Aktuelles aus dem Hauptpersonalrat
Beförderung nach A-14
Für den 01. Mai 2009 standen beim konventionellen Beförderungsverfahren nach A 14 die schon in der letzten Ausgabe unserer Verbandszeitschrift "Gymnasium" (gbw) veröffentlichten Beförderungsmöglichkeiten zur Verfügung. Auch in ihrer Verteilung auf die einzelnen Regierungspräsidien hat sich nichts mehr geändert.
Obwohl der Anstellungsjahrgang 1998 erstmalig zur Öffnung vorgesehen war, kann er wohl landesweit erst zum Oktobertermin berücksichtigt werden, weil bis zum Anstellungsjahrgang 1997 schon mehr Lehrkräfte als Stellen mit sehr guter Beurteilung vorhanden waren. Eine Ausnahme bilden hierbei die Kolleginnen und Kollegen, die zum Maitermin letztmalig vor ihrer Pensionierung mit ruhegehaltsfähiger Wirkung befördert werden konnten. Bei sehr guter Beurteilung konnten sie auch außerhalb der genannten Anstellungsjahrgänge befördert werden.
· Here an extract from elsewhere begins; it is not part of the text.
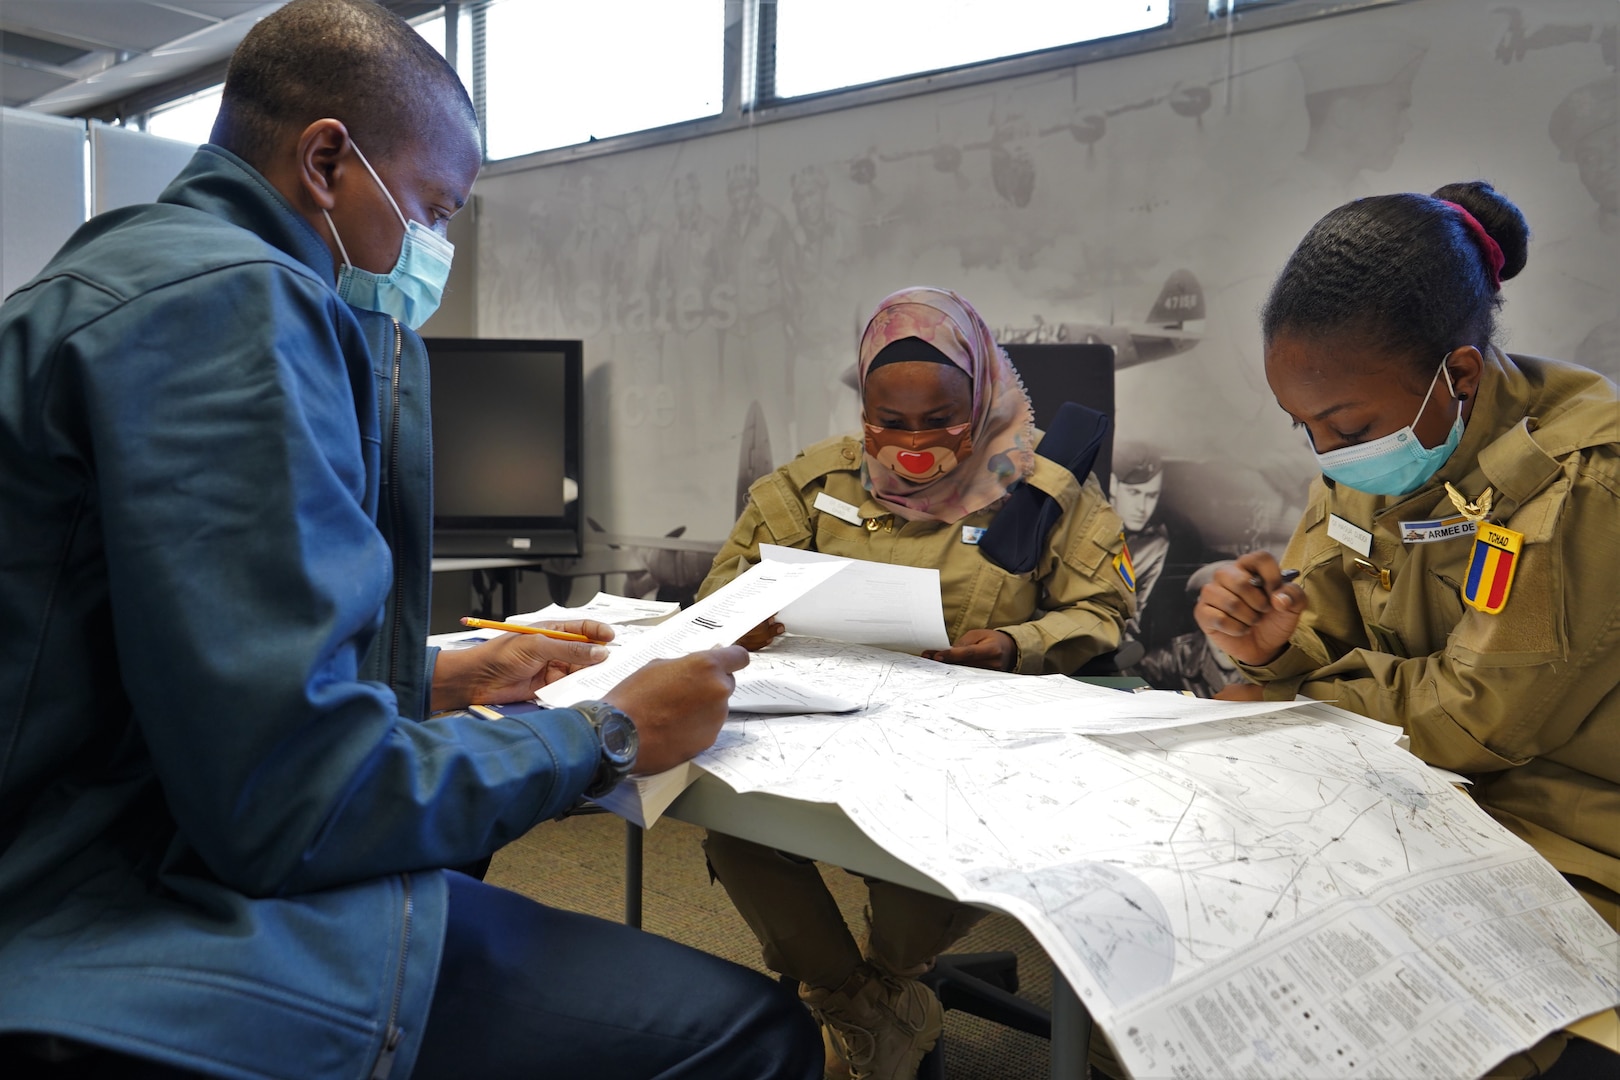 Three Chadian Air Force personnel are the first Defense Language Institute English Language Center students to take advantage of the newest curriculum at DLIELC. This curriculum, pairing the latest virtual reality and artificial intelligence technology, aims to familiarize international students with English communications during aviation scenarios.

Außerdem weisen wir nochmals daraufhin, dass im Gegensatz zu früher die Höhergruppierung von Lehrkräften im Arbeitnehmerverhältnis (so genannte "Erfüller") auf das für die beamteten Lehrkräfte ausgewiesene Kontingent an Beförderungsmöglichkeiten angerechnet werden muss.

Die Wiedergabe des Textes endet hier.